Chicago Mayor Lori Lightfoot fired retiring Police Superintendent Eddie Johnson Monday, saying Johnson lied about an October incident in which he was found sleeping in his car after supposedly having drinks with dinner.
“It has become clear that Mr. Johnson engaged in a series of actions that are intolerable for any leader in a position of trust, particularly the head of the Chicago Police Department,” she said in a news conference. “Mr. Johnson failed the hardworking members of the Chicago Police Department, he intentionally misled the people of Chicago and he intentionally misled me. None of that is acceptable.”
Lightfoot met with Johnson on Monday to deliver the news, and he was “accepting,” she said.
Johnson’s actions on the night of October 16 and morning of October 17 demonstrated “a series of ethical lapses and flawed decision making,” she said, adding that he then went on to promptly hold a news conference in which he was dishonest with the public.
“He was not caught off guard, and he had plenty of time to choose his words, and the choice he made was a communicated narrative replete with false statements all seemingly intended to hide the true nature of his conduct the evening before,” the mayor said.
Even when Lightfoot challenged his story, she said, he maintained that he was telling the truth.
“I now know definitively that he was not,” she said. “Had I known these facts at the time, I would’ve relieved him of his duties as superintendent then and there.

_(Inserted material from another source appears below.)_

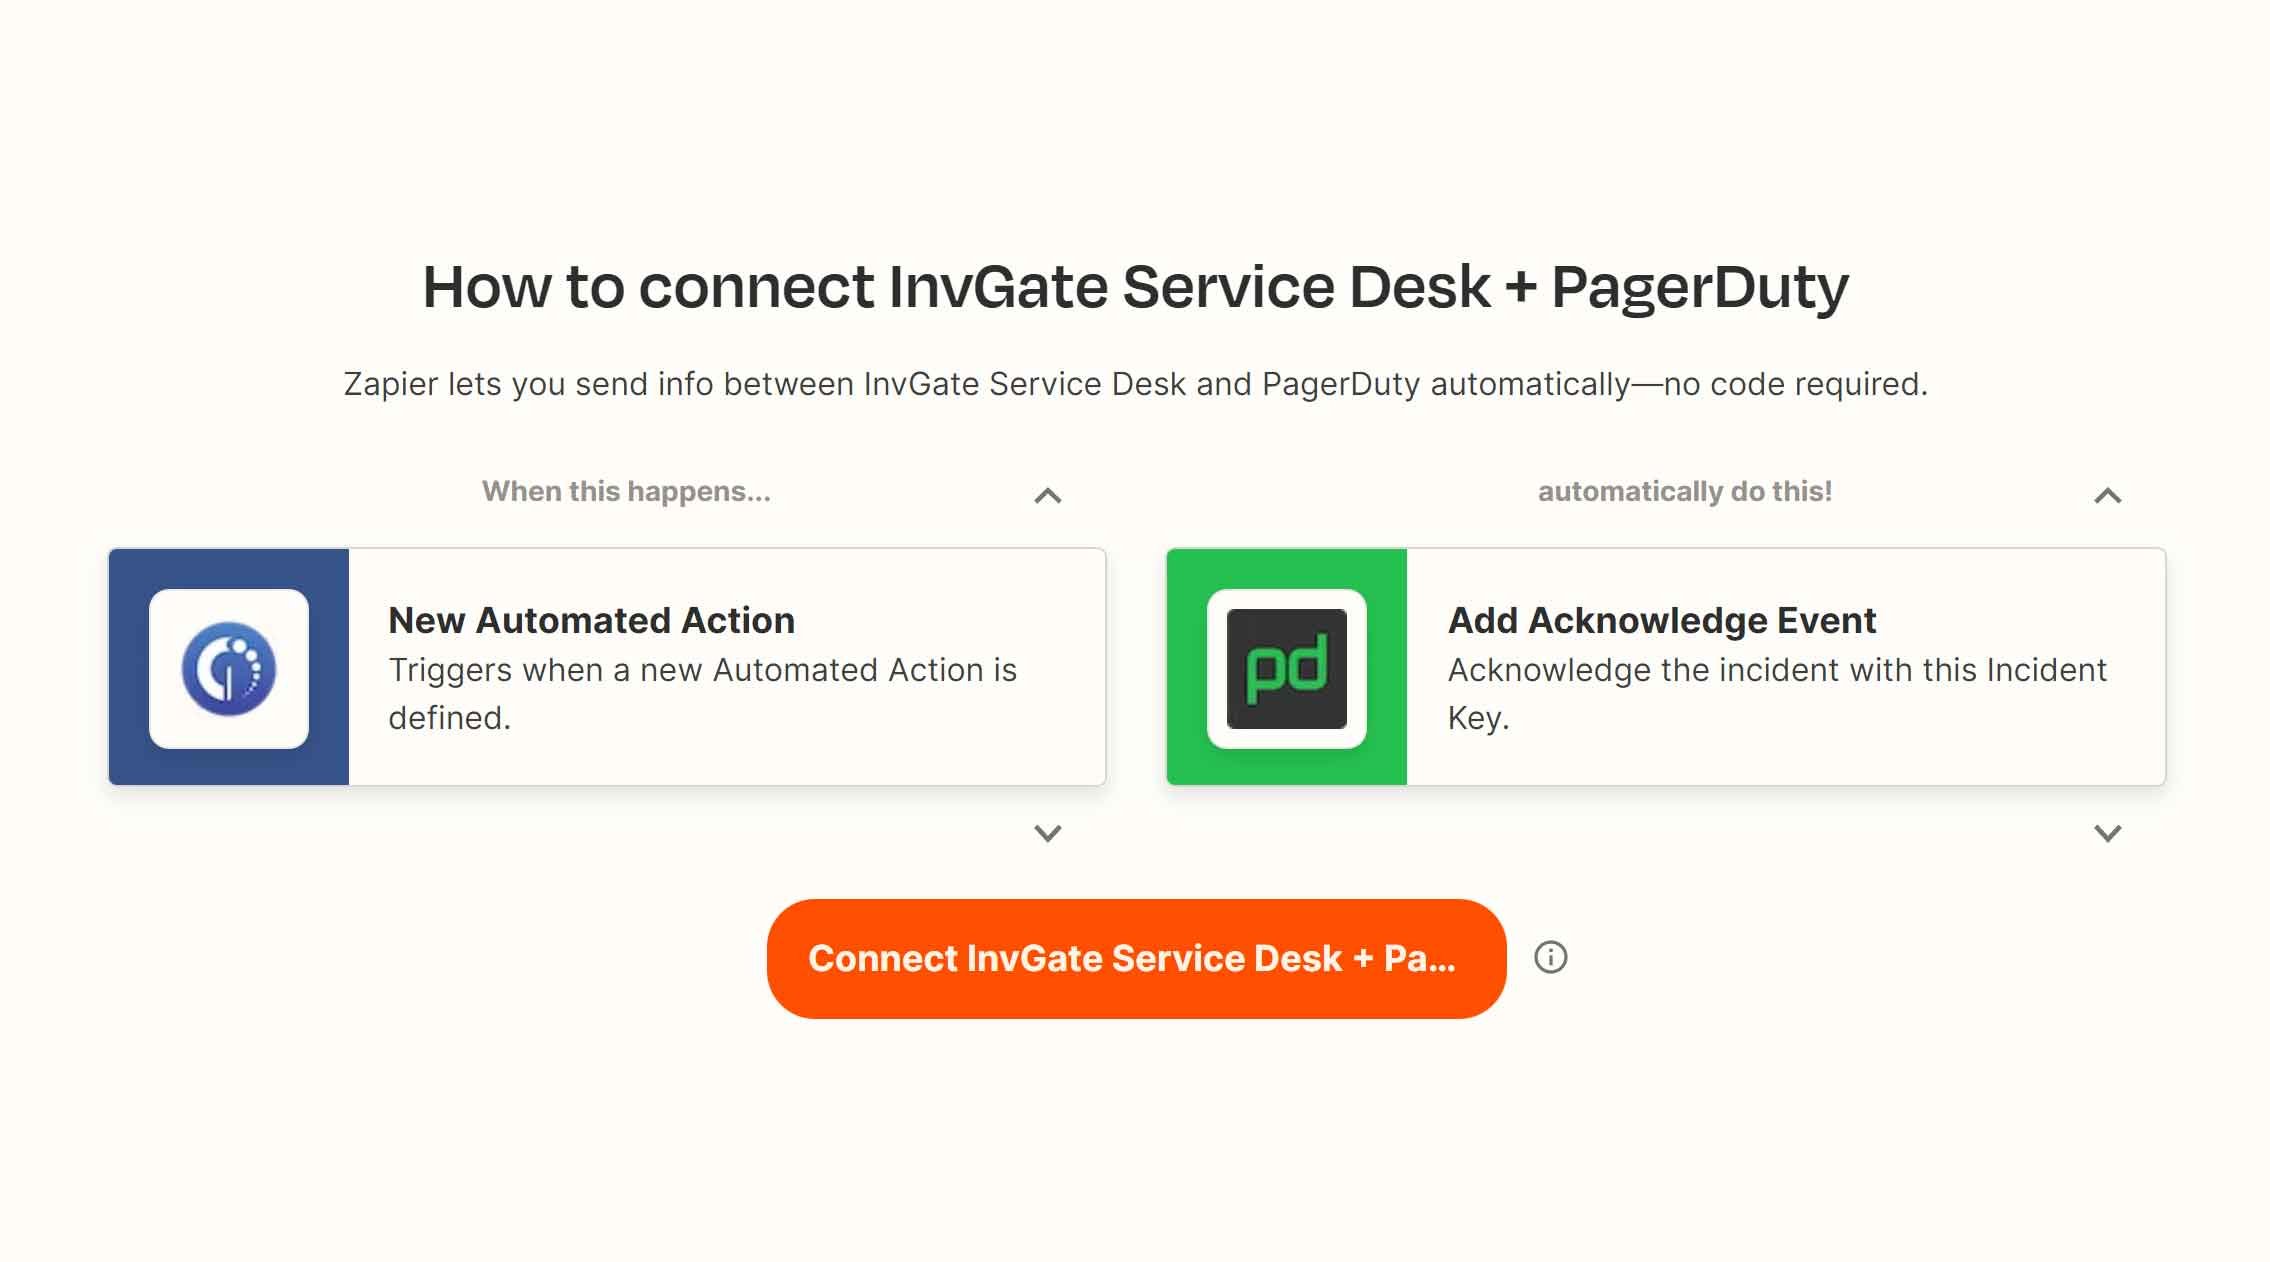 Integraciones de Zapier: integra InvGate Service Desk con PagerDuty.

I certainly would not have participated in a celebratory press conference to announce his retirement.”
The city’s police union released a statement saying it understood Lightfoot’s decision and appreciated her desire for transparency and accountability within the department. Still, it cautioned against a rush to judgment.
“It’s important to understand that just this weekend, the department stripped an officer who was the victim of a high-risk battery without any investigation and without even taking a statement from the officer,” said Martin Preib, second vice president of the Chicago Fraternal Order of Police.
“It is also important to hold every facet of the city affecting the police department accountable, including (the Civilian Office of Police Accountability), the Chicago Police Board, and Inspector General. We look forward to assisting the mayor in helping to make all these institutions equally accountable.”